Typewriters are electromechanical or mechanical equipment that produce characters by pressing ink upon paper. Johann Gutenberg invented the idea of a printer which applied the concept of the movable type. Johann helped convert the printing press into simple equipment for personal usage. The description of this type of device dates back to 1714 when Henry Mill patented the typewriter idea. Christopher Sholes created the first reliable typewriter with the help of Samuel Soule and Carlos Glidden in 1867. Sholes licensed the patent to Remington and sons from New York who developed the first commercial typewriter in 1874. Thomas Edison built the first electric typewriter in 1872.

14. Camera - 1888

Cameras have evolved over the years from the camera obscura to the numerous generations of photographic technologies which include films, dry plates, calotypes, daguerreotypes and finally the present day digital cameras. George Eastman pioneered photographic film usage in 1885 when he started producing paper films. He patented his first film in 1884 and perfected the first camera which used roll film in 1888. In 1888, Eastman introduced the Kodak camera into the market. It was a unique box-camera that came with a film roll that was big enough for one hundred photos. The film roll had to be returned to the company for processing once finished. In 1892, Eastman opened the Eastman Kodak Company which produced transparent flexible films.

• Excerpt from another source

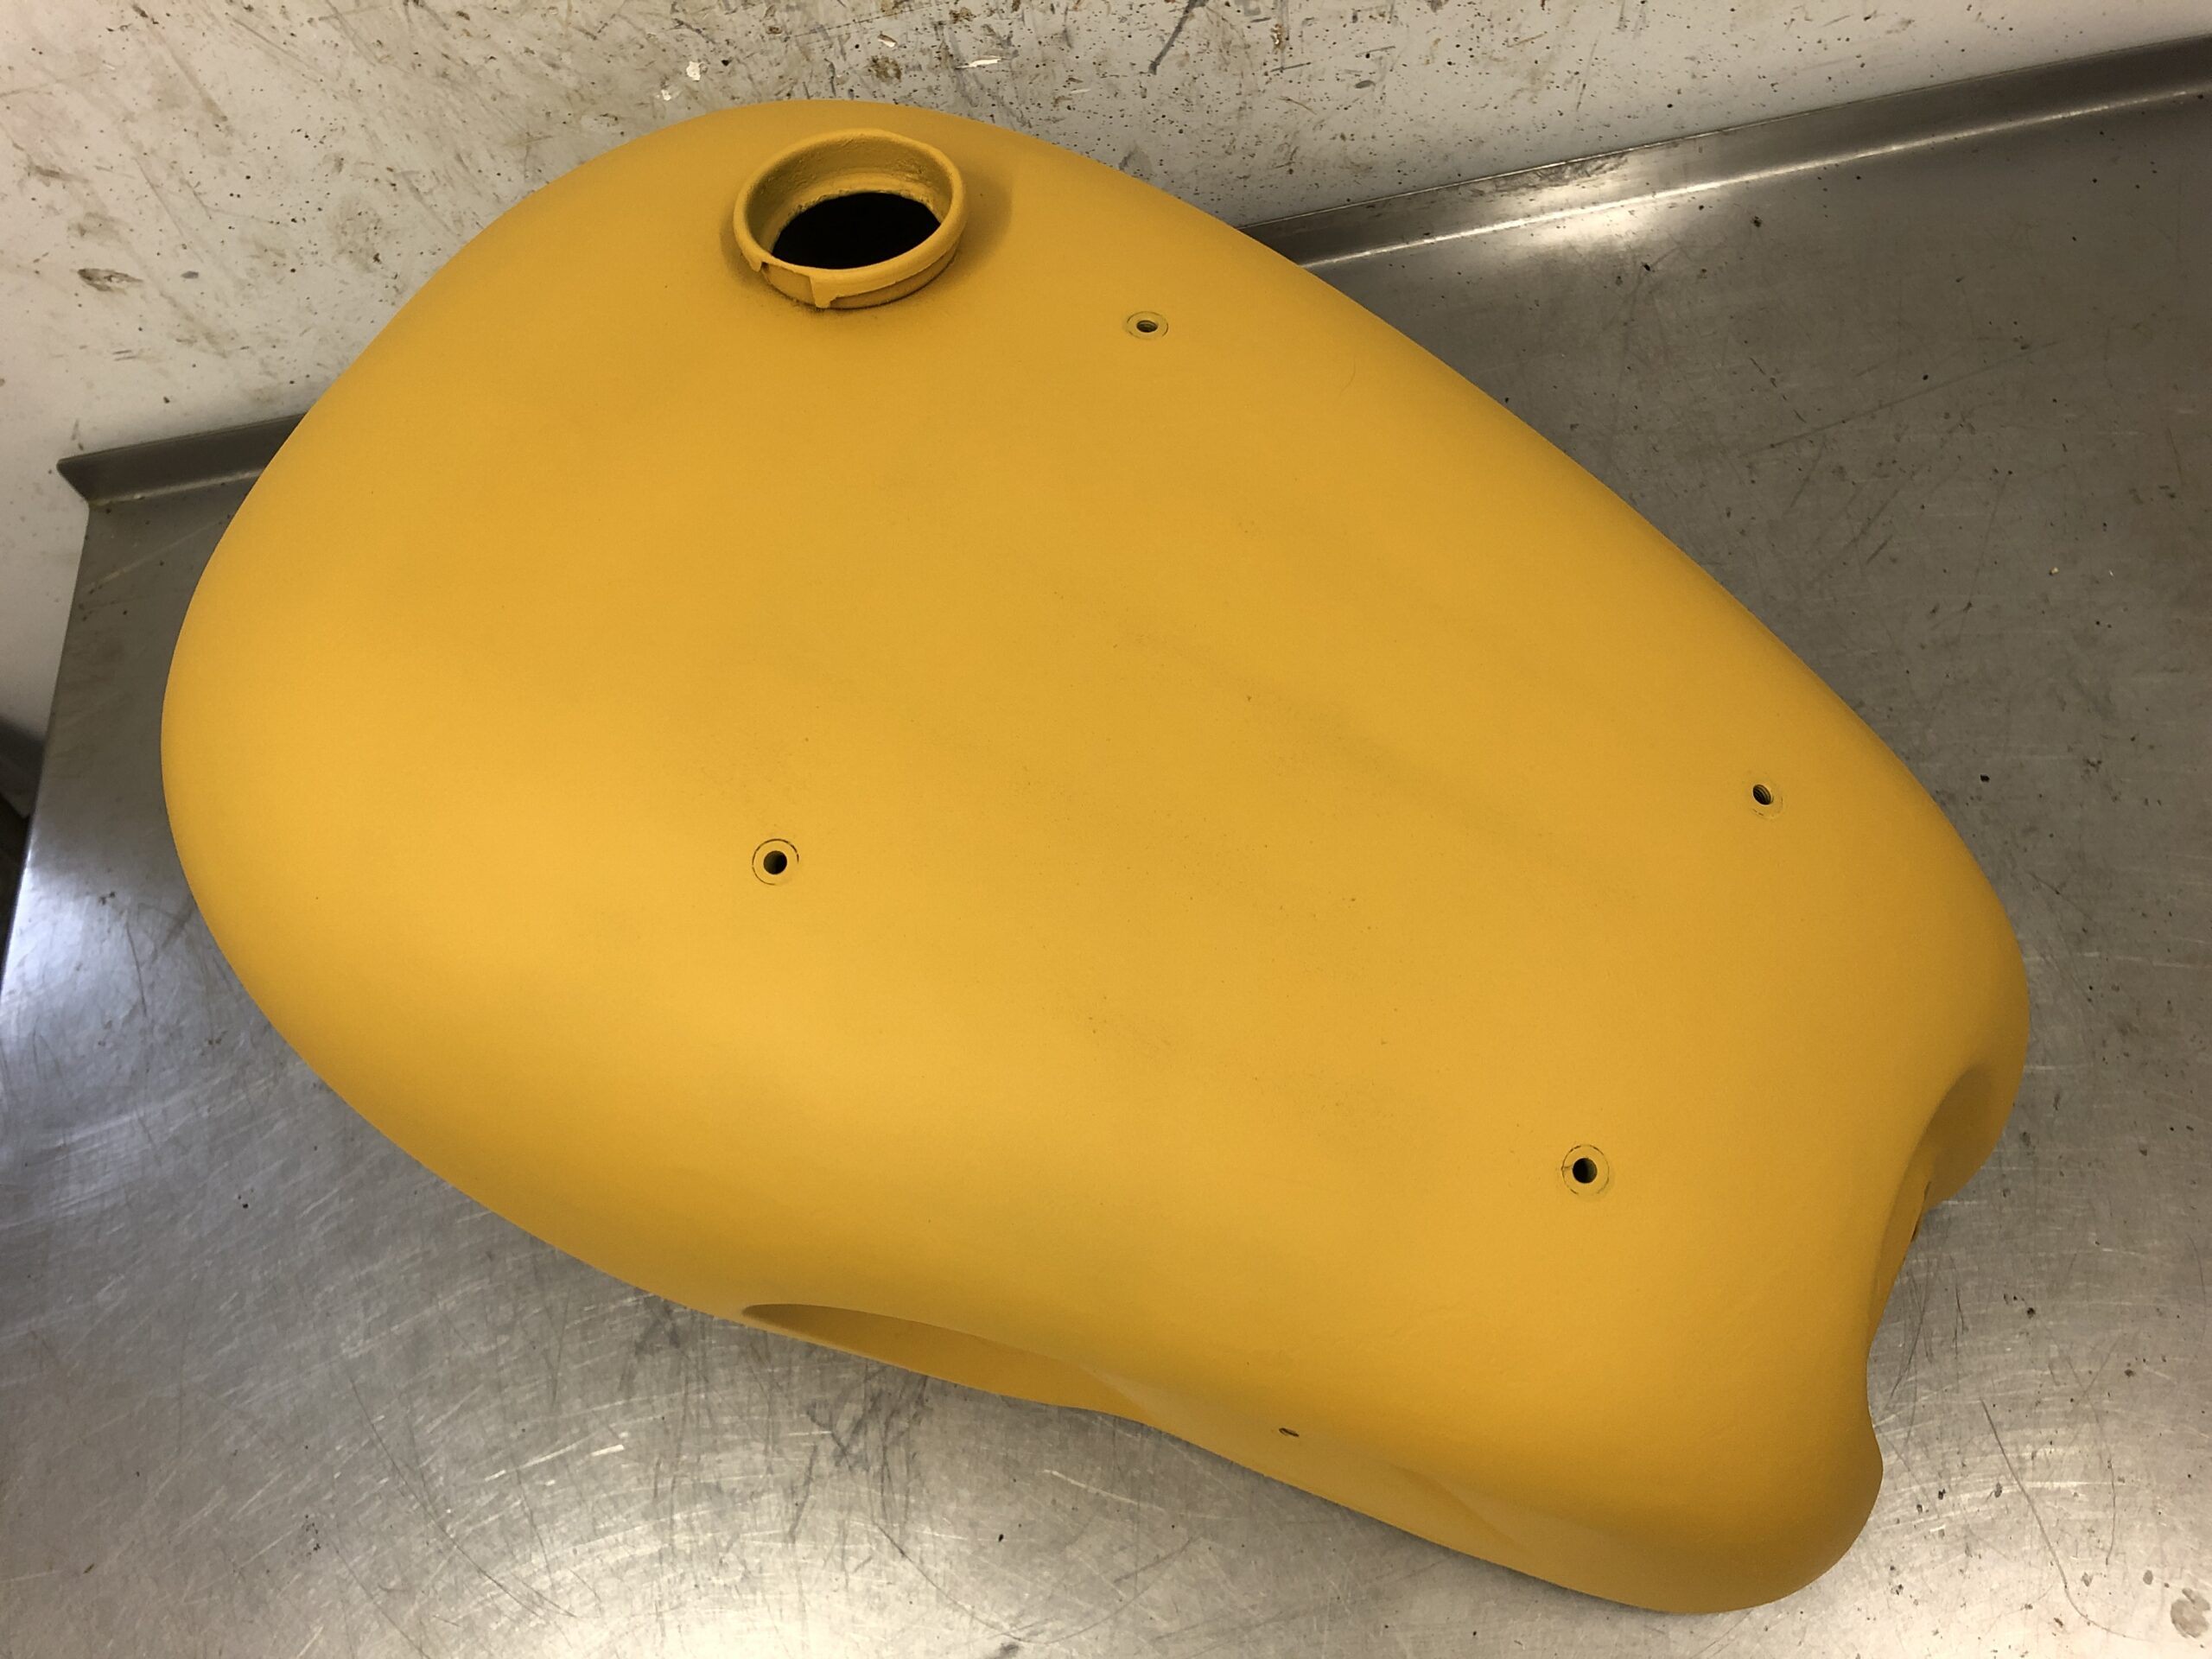 Original Triumph fuel gas petrol tank 1949 1950 3T De Luxe T100 Speed Twin  5t motorcycles – SOLD - The Timing Chest

13. Electric Battery - 1800

The concept of electricity dates back to ancient Greece when Thales noticed that an electric charge was produced when he rubbed amber. Scientists also discovered a 2,000 year old jar in Baghdad in 1938, which it is believed to be the world's earliest example of a battery. It produced 1.1 volts. The current battery was invented by Alessandro Volta in 1880 when he developed his voltaic pile. The voltaic pile could create a steady and reliable electricity stream. Volta started his work in 1794 when he noticed an electrical interaction between two metals that were submerged in an acidic solution. Using this principle, he designed his battery which had alternating zinc and copper rings immersed in an electrolyte.

12. Telephone - 1876

A telephone is a system which converts a voice into an electric impulse of varying frequency and then back to its original form. Michael Faraday was the first person to contribute to the idea of a telephone when he proved that metal vibrations could be converted into electric impulses. Faraday’s concept was not put into practice until Philip Reis invented a device that could convert sound waves into electric impulse and then back to sound waves in 1861. The invention of a practical telephone is credited to Alexander Graham Bell and Elisha Gray who worked on their projects independently. Gray invented the first electromagnetic receiver in 1874 but did not perfect the design of a working diaphragm until Bell managed to create the first working telephone. The invention became a reality on March 10, 1876, when Bell transmitted the first sentence through his simple phone.

11. Aspirin - 1897

The effects of aspirin-like mixtures have been known for centuries now. The first report of this type of product dates back to the Ancient Romans when they used the back of a willow tree to fight a fever. The willow tree has a unique compound known as salicin which resembles aspirin. However, it was not until the 1800s that researchers discovered and extracted salicylic acid from willow trees. Charles Gergardt tried mixing salicylic acid with other elements for good results, but the compound he produced was impractical. In 1897 Felix Hoffmann, a German chemist, was searching for medicine to help relieve his father’s arthritis when he created acetylsalicylic acid commonly known as aspirin.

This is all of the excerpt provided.